What you should do | When you reach the line with "HBCU Baseball All", transcribe it and each line after it through the last one below, exactly. Pictures stay out.

Given information |
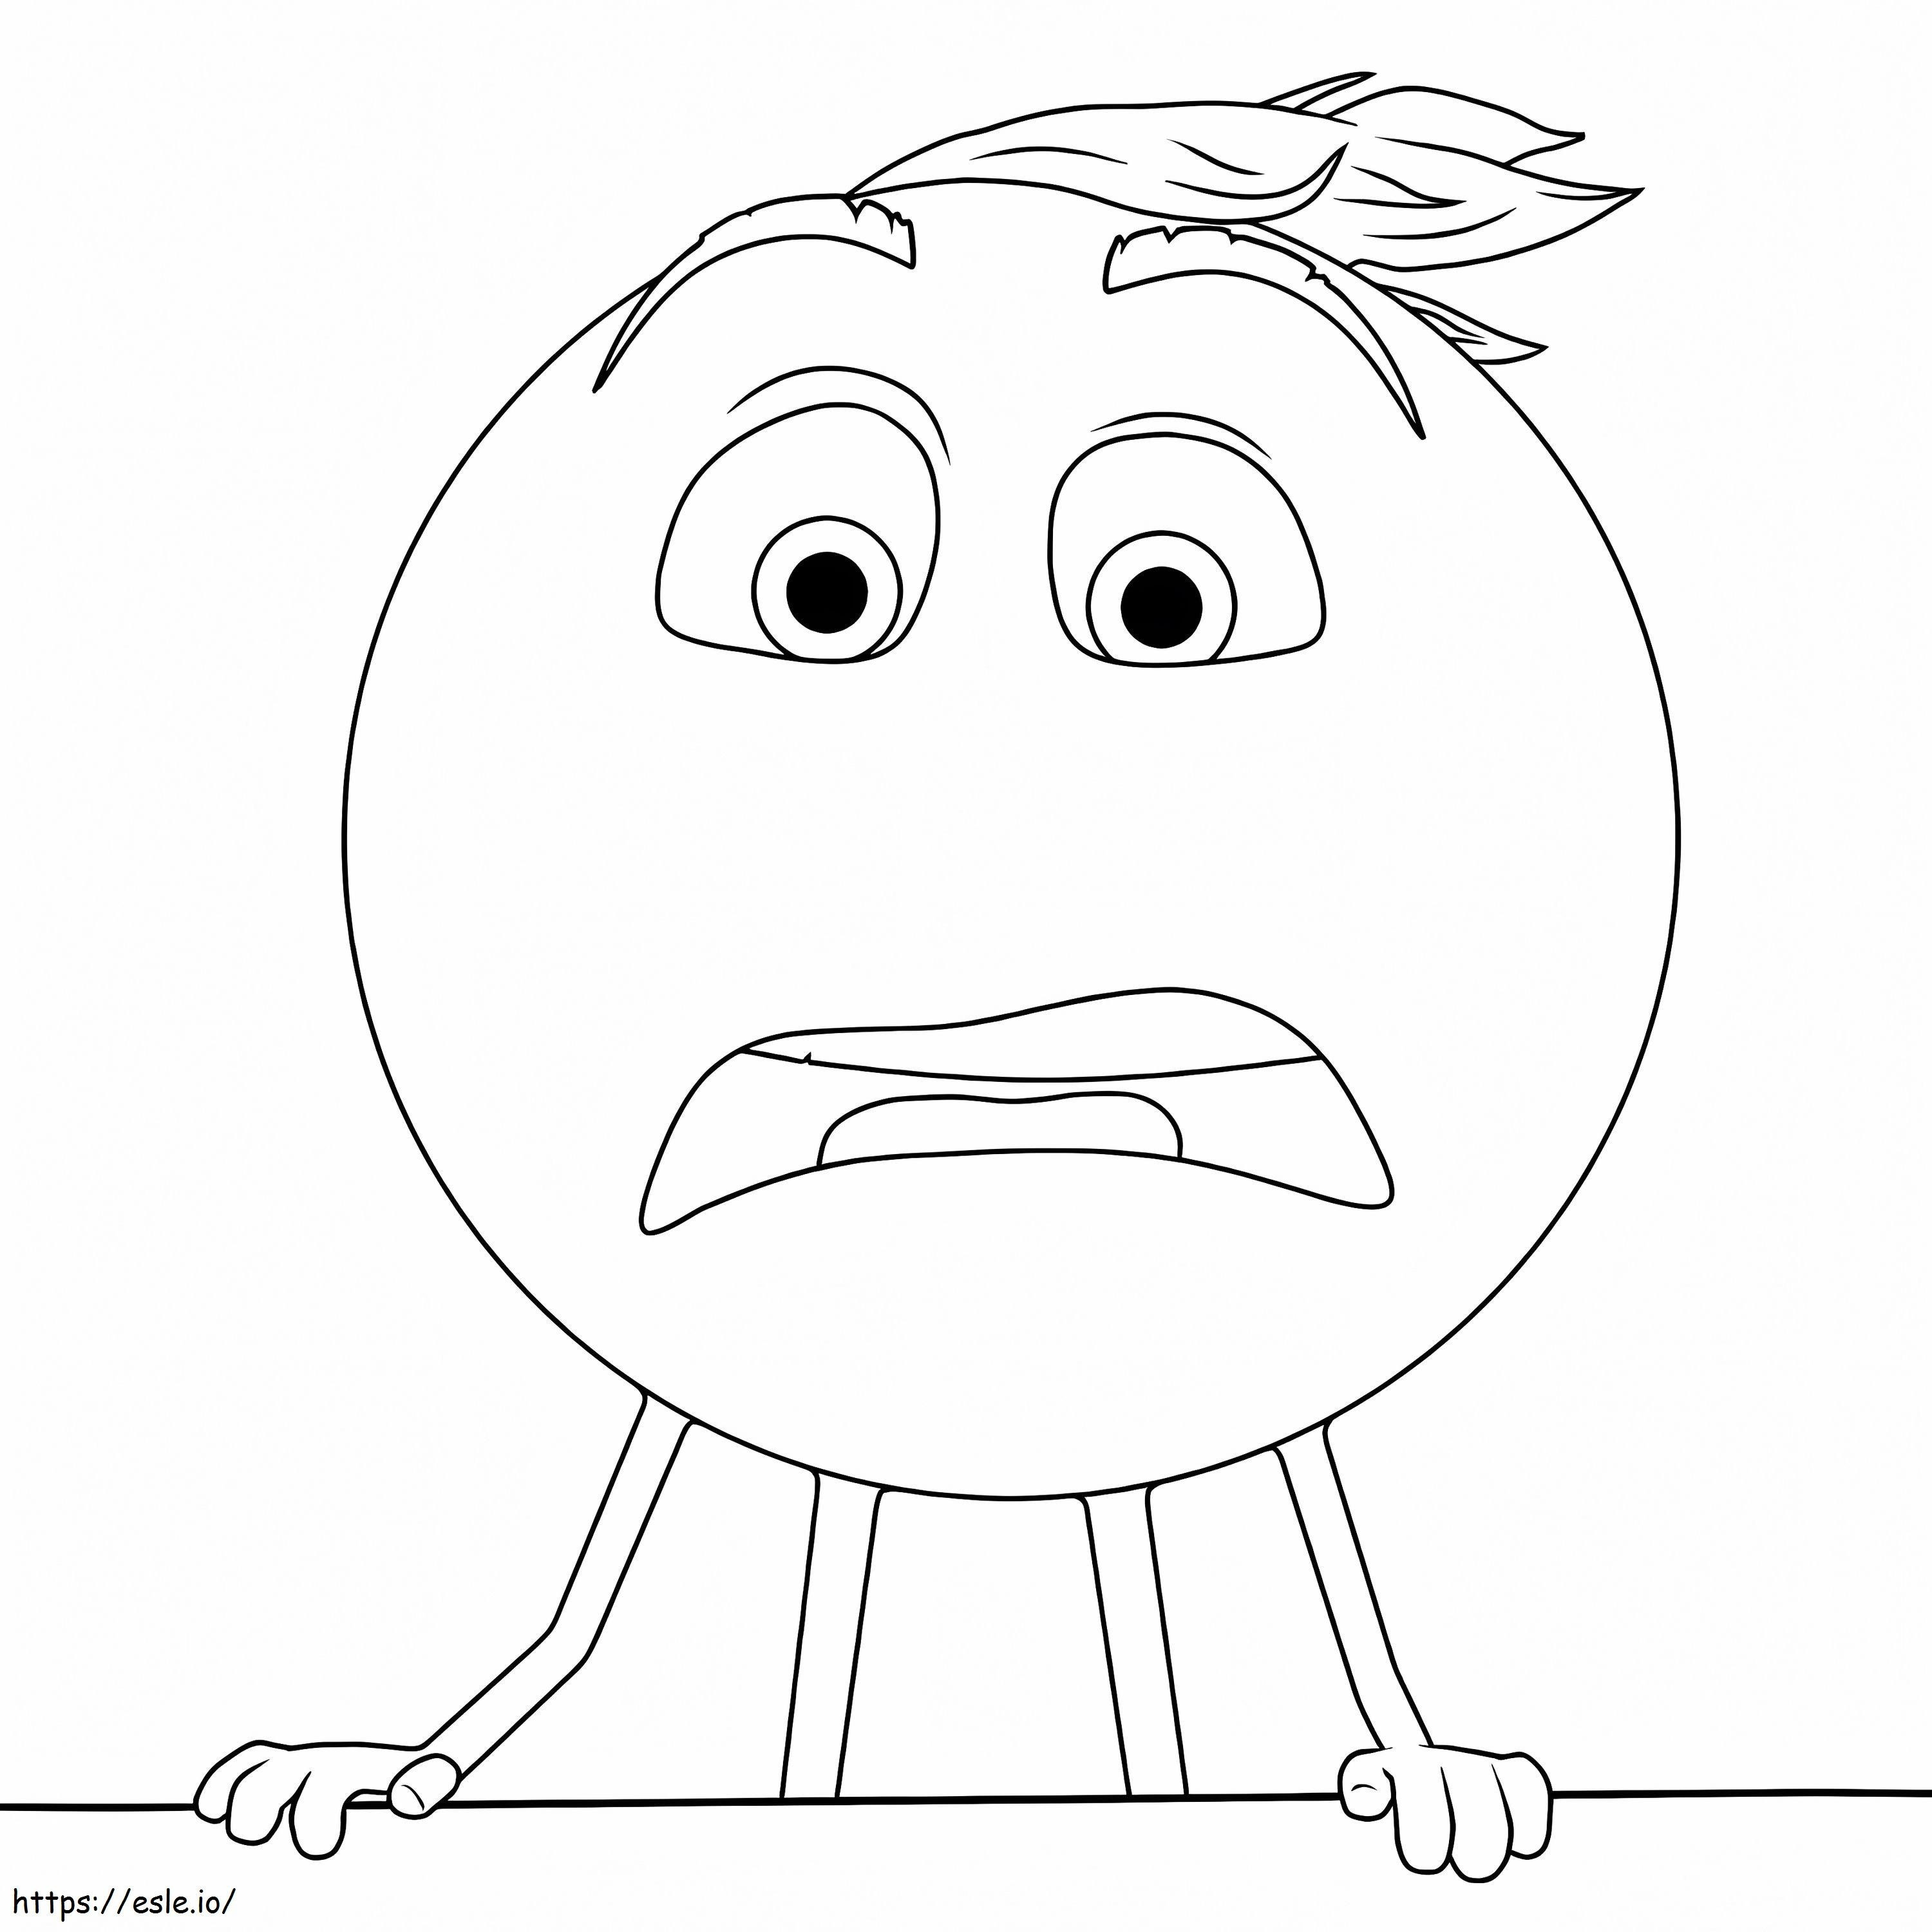 Gene Confused coloring page
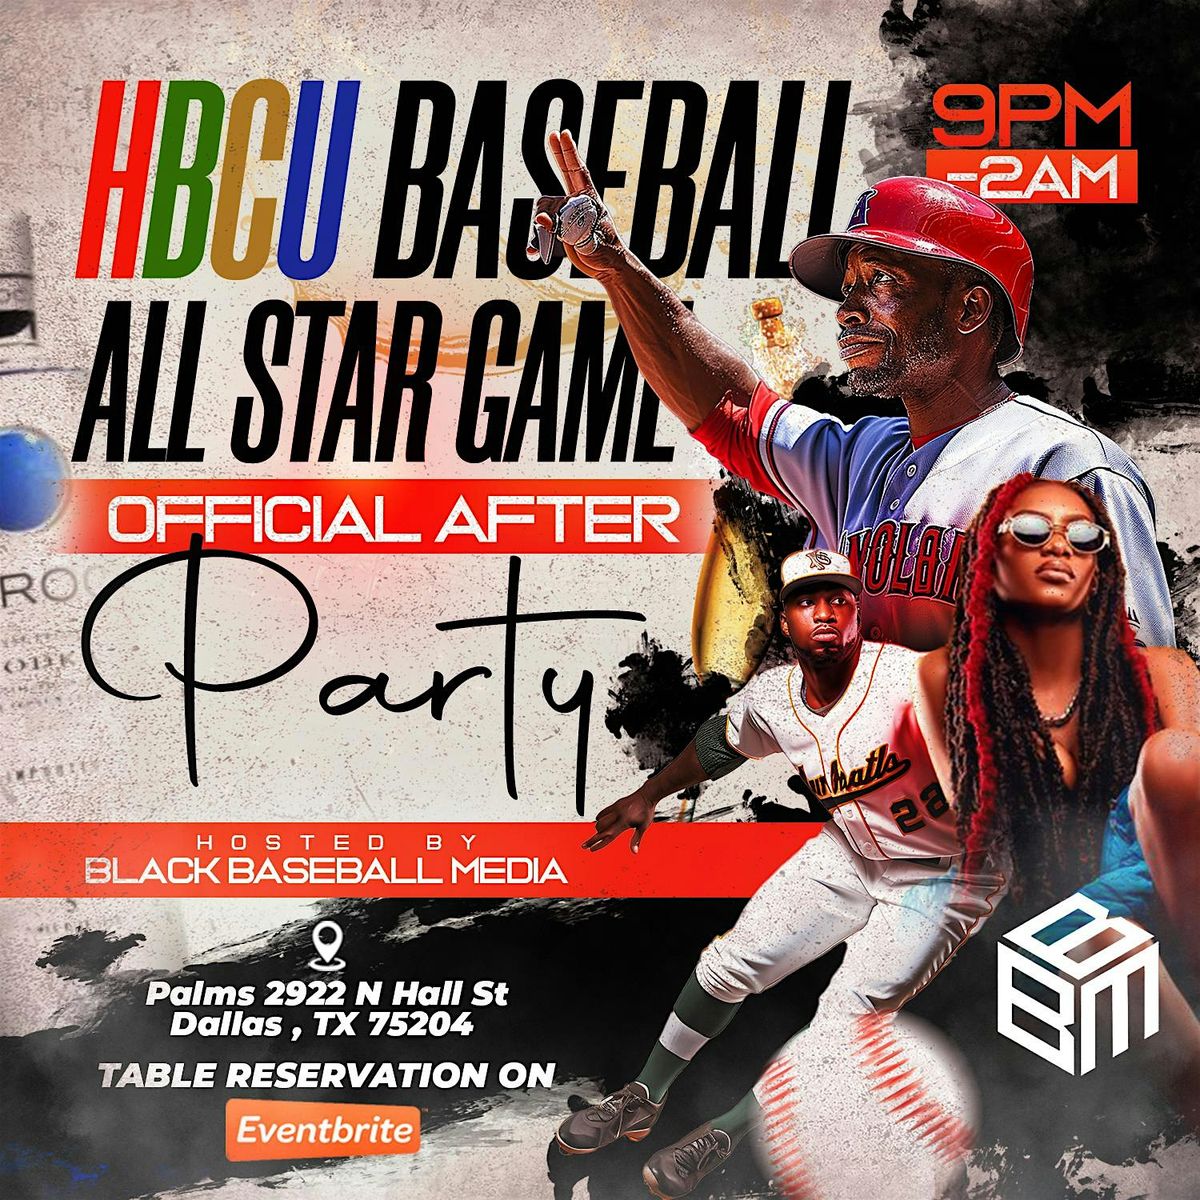 HBCU Baseball All Star Game Official After Party
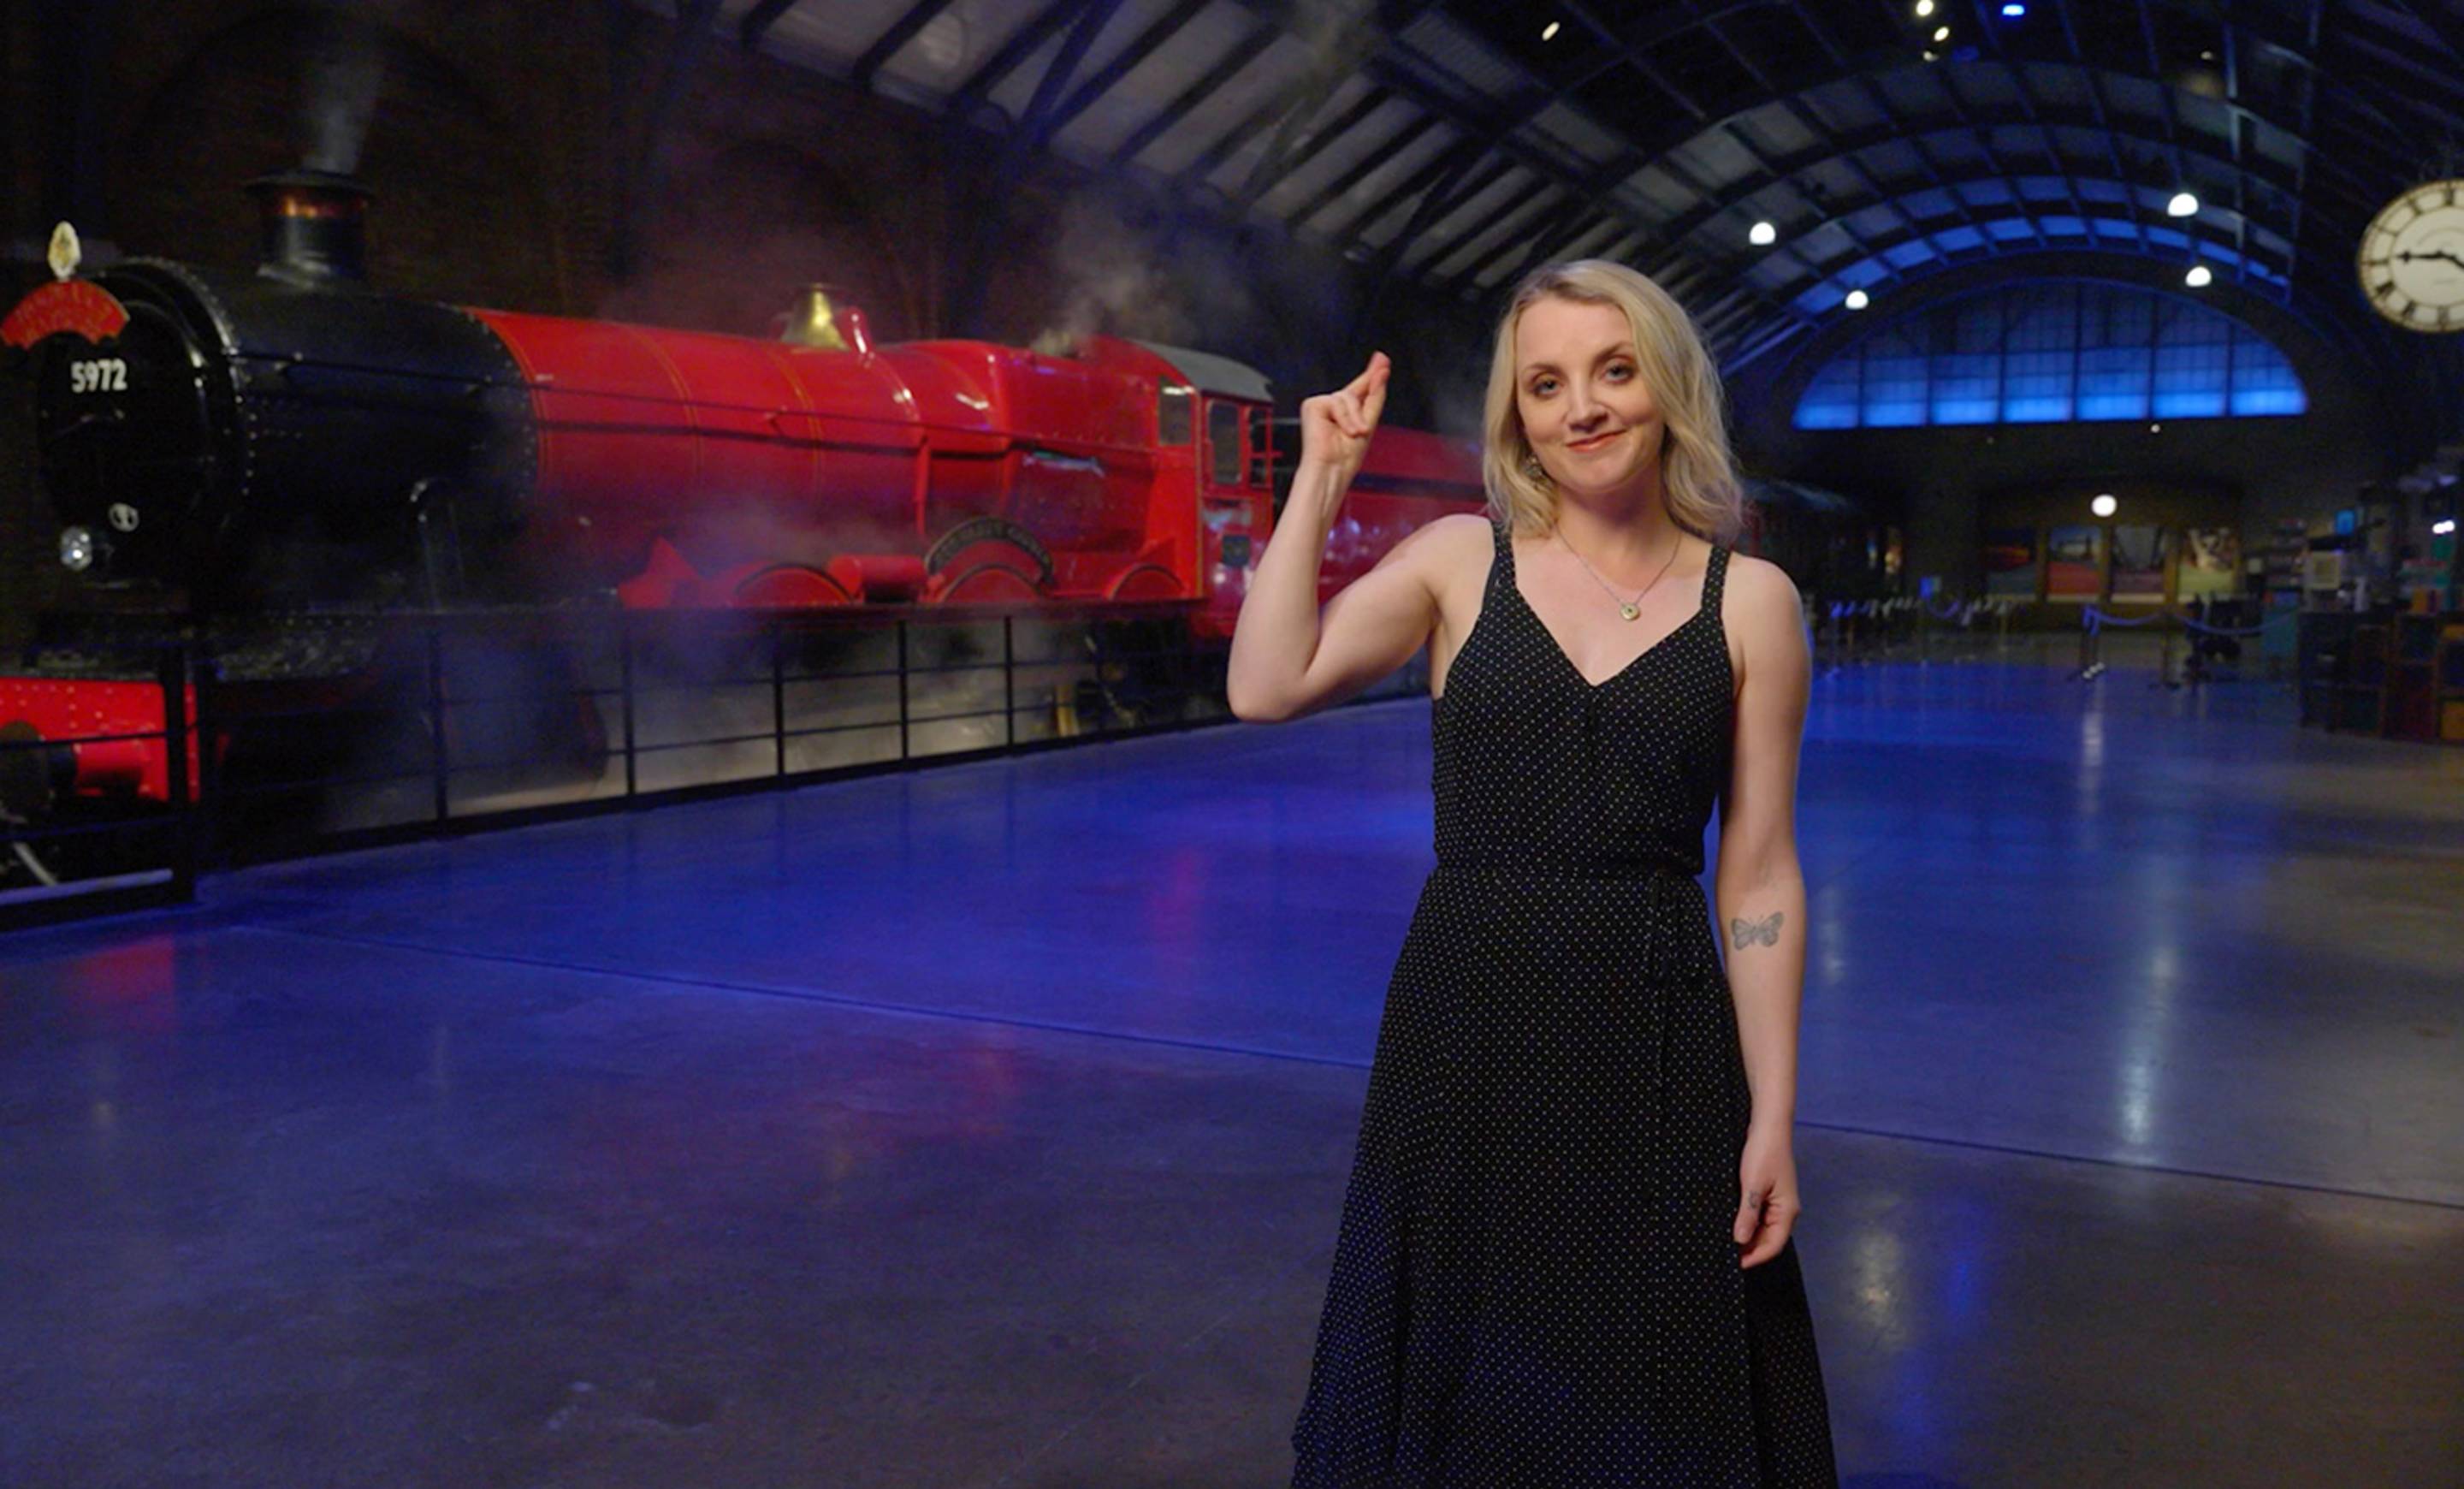 Join Evanna Lynch for a virtual lesson

Output of the task |
 HBCU Baseball All Star Game Official After Party
 Join Evanna Lynch for a virtual lesson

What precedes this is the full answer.